Recall the definition of Jensen-Shannon divergence:

\[\mathcal{D}_{\text{JS}}(P \vert \vert Q) := \frac{1}{2} \mathcal{D}_{\text{KL}}(P \vert \vert M) + \frac{1}{2} \mathcal{D}_{\text{KL}}(Q \vert \vert M)\] \[\text{with } M = \frac{1}{2} (P + Q)\] \[\mathcal{O} = - \log 4 + 2 \cdot \mathcal{D}_{\text{JS}}(p_\text{data}\vert \vert p_g)\]

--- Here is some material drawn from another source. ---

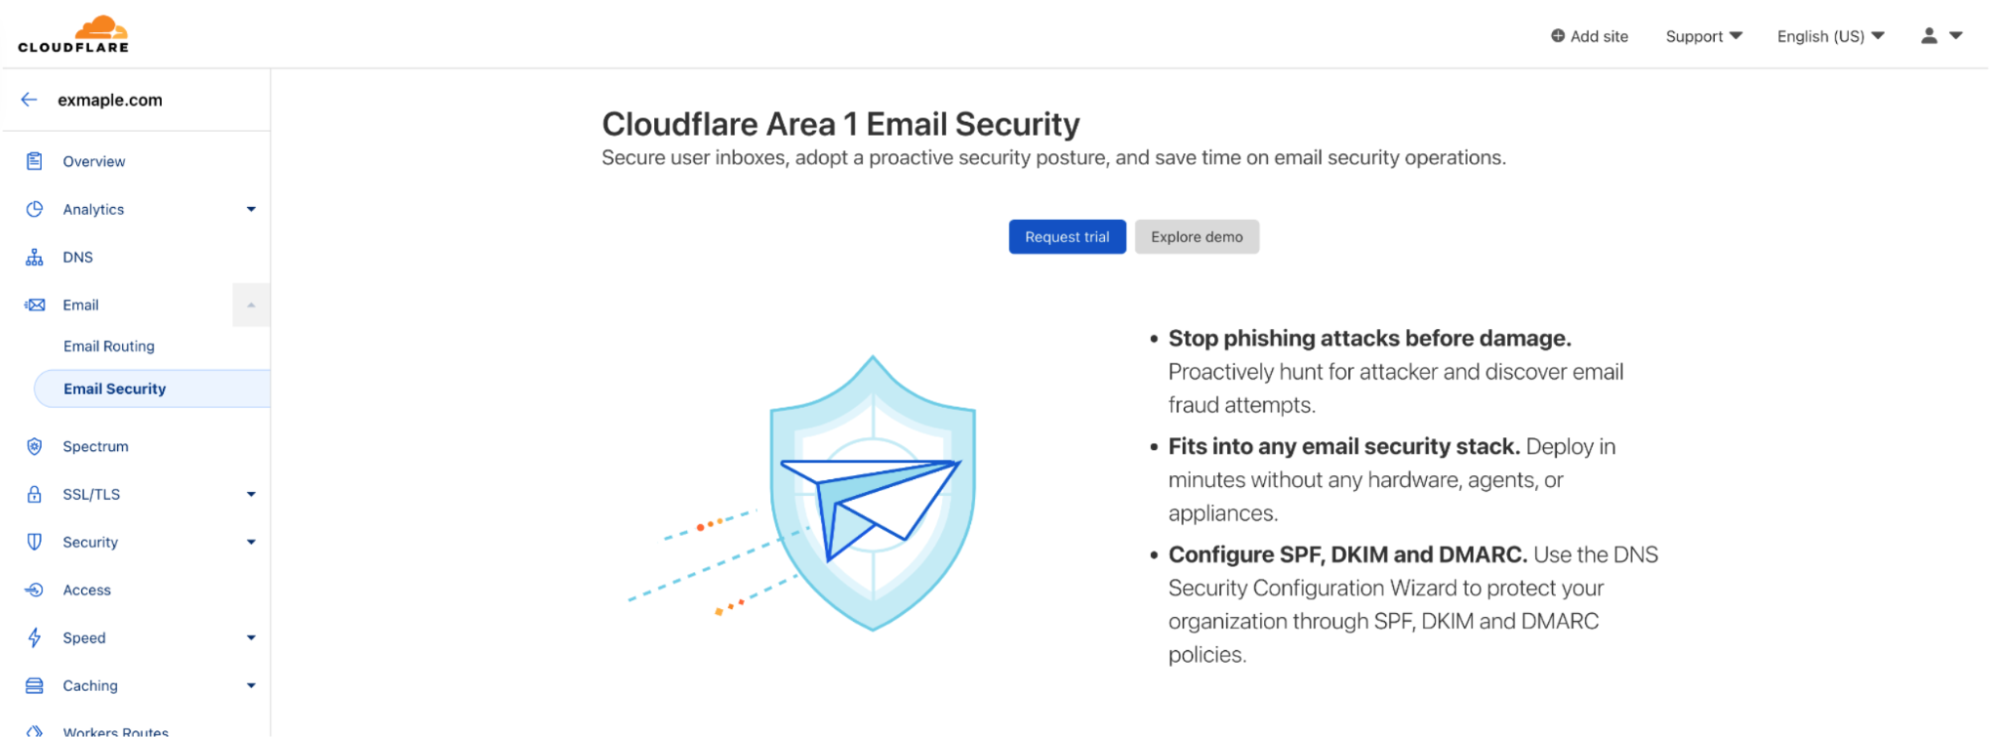 Cloudflare Area 1 - how the best Email Security keeps getting better
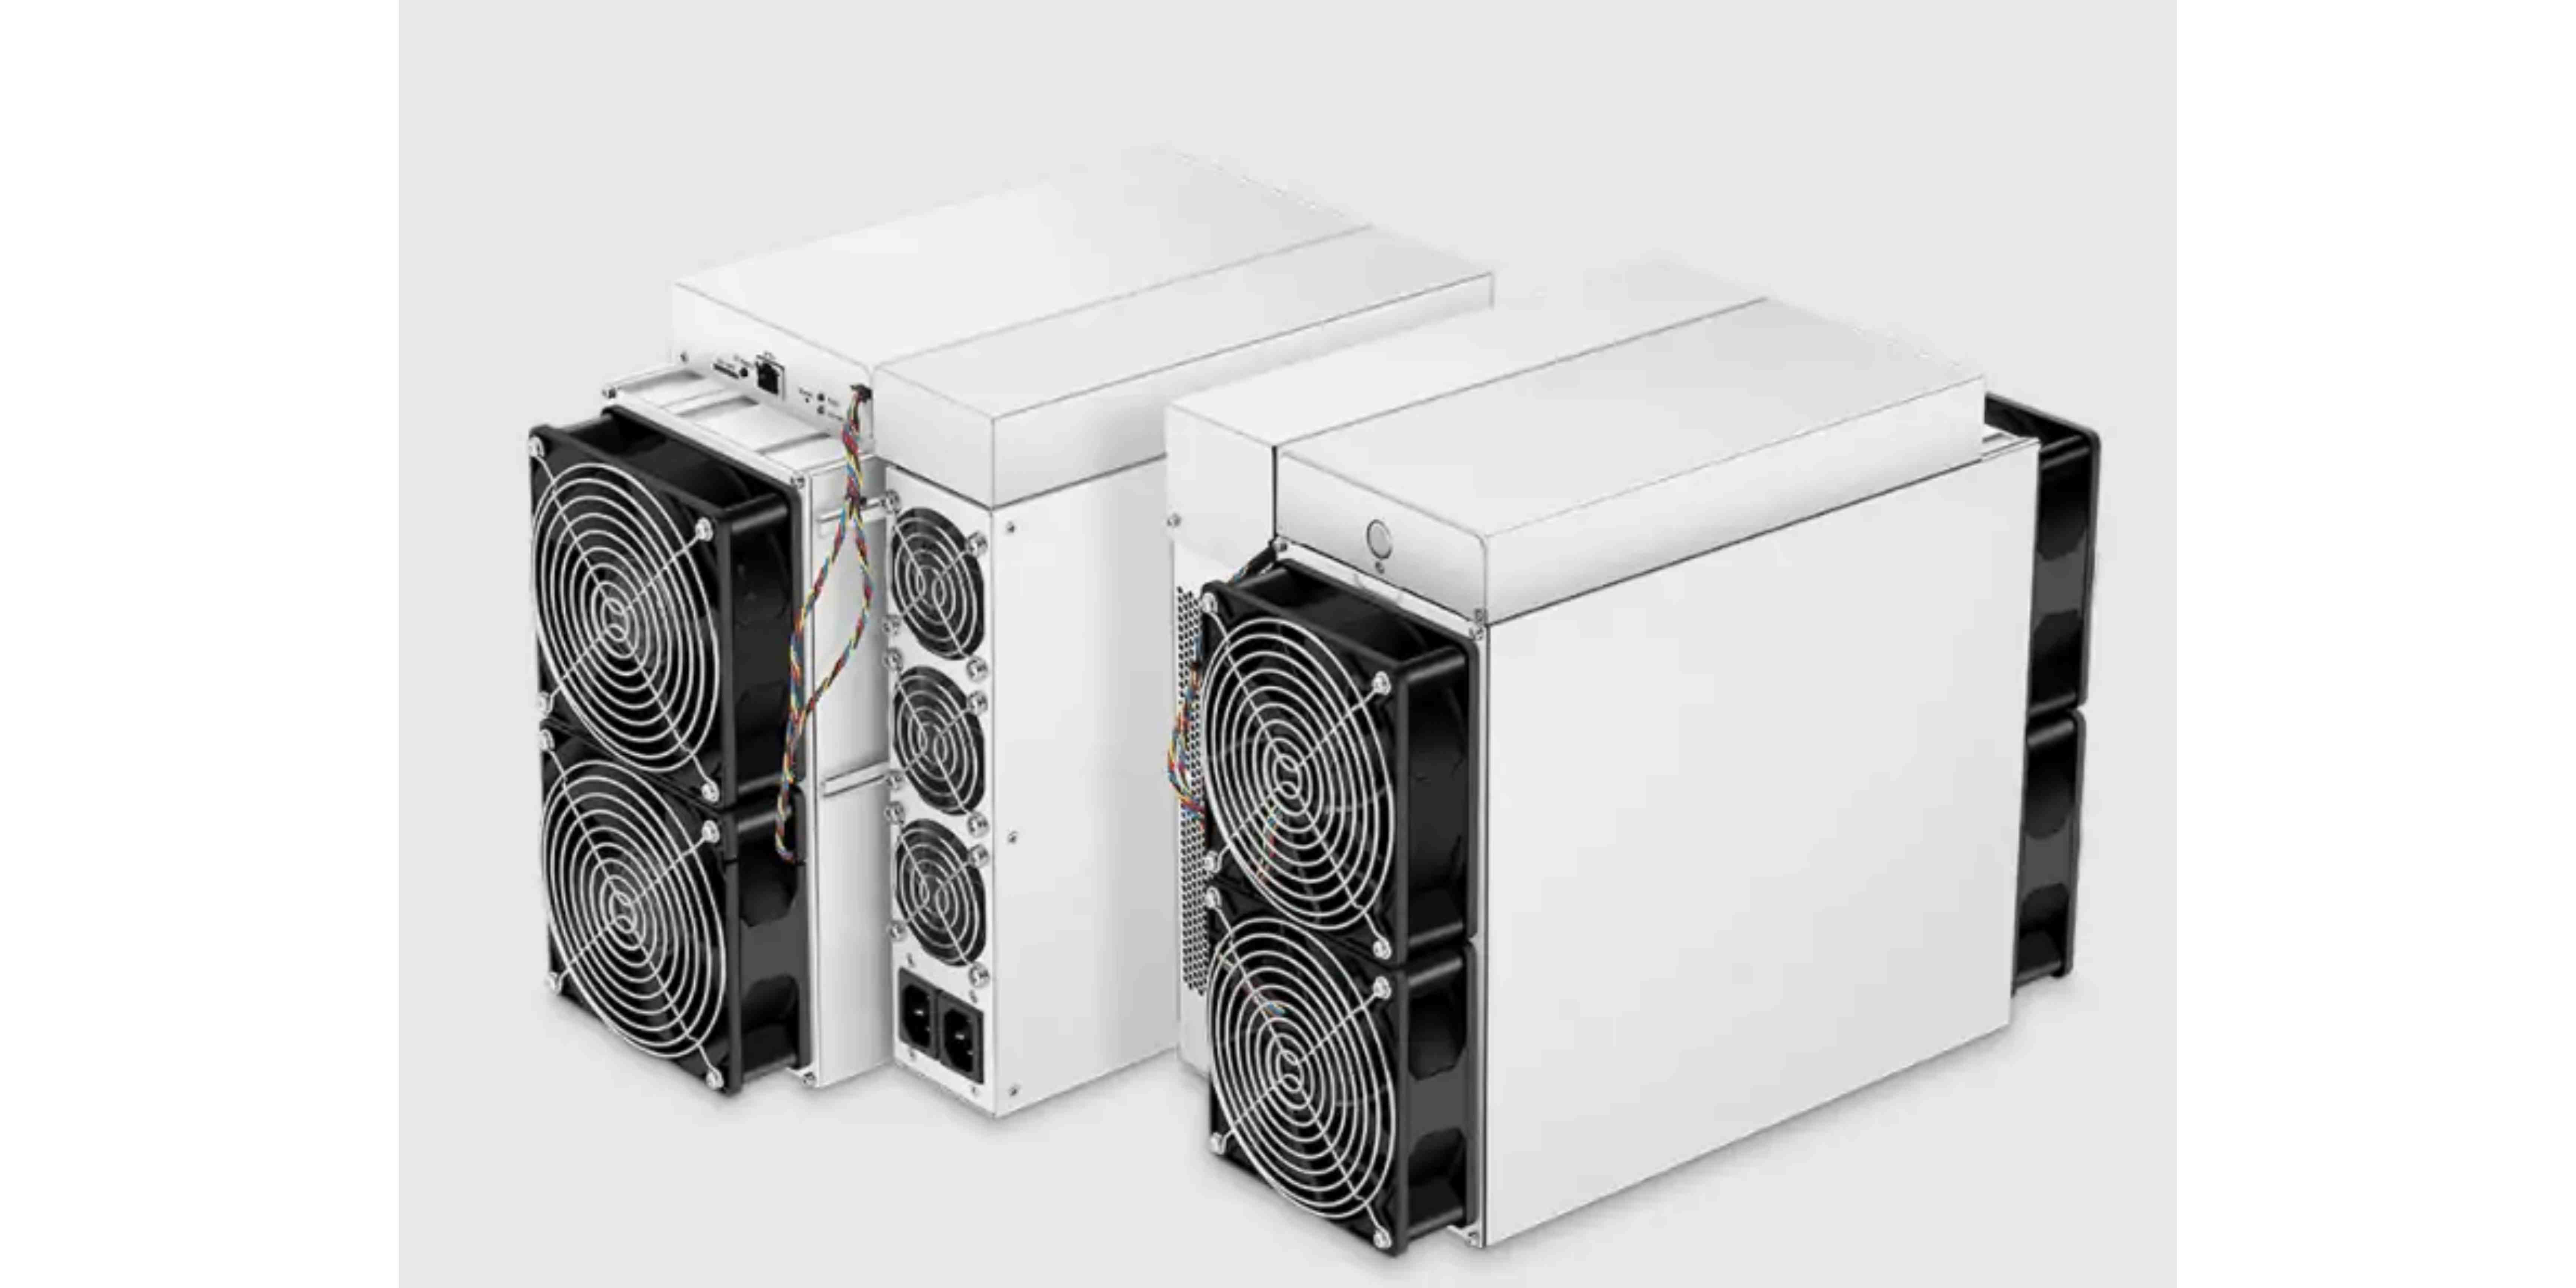 The Difference Of Bitmain Antminer S19 Pro Mining Hashrate Compared To Antminer S19

Which means our value function objective really just minimizes the Jensen-Shannon divergence between the data generating process and the true distribution; yet another SMLE. Given an optimal discriminator and generator with sufficient capacity, \(p_g\) will converge to \(p_\text{data}\).

An SSE of this is that GANs are “mode seeking”, not “mode covering”. The GAN will happily not cover an entire mode of your distribution, as long as it can be better at other modes. For example, an MNIST generator may simply choose to only produce images of the digit “1”. As long as it generates these digits accurately, the discriminator has nothing it can do!

VAEs and ELBOs:

VAEs optimize the ELBO.

\[\text{ELBO} := \underbrace{\mathbb{E}_{q_\phi(z\vert x_i)}\bigg[\log p_\theta(\mathbf{x_i \vert z})\bigg]}_{\text{(A): Reconstruction likelihood}} - \underbrace{D_\text{KL} \bigg[q_\phi(\mathbf{z \vert x_i}) \vert \vert p(\mathbf{z})\bigg]}_{\text{(B): Prior constraint}}\]

Instead of starting at an idea and working towards a formula, let’s do the opposite. Let’s analyze what this objective is really optimizing.

(A) itself is very simple: we just want to maximize the probably to get the original sample from the encoders’ representation. Notice (A) doesn’t say how to do this; just merely what to do. In practice, BCE or MSE are usually used (by-pixel).

(B) is more nuanced, and has more interesting parts. A naive interpretation would simply be “keep the aggregate posterior near the prior", however, that’s missing a lot of the magic.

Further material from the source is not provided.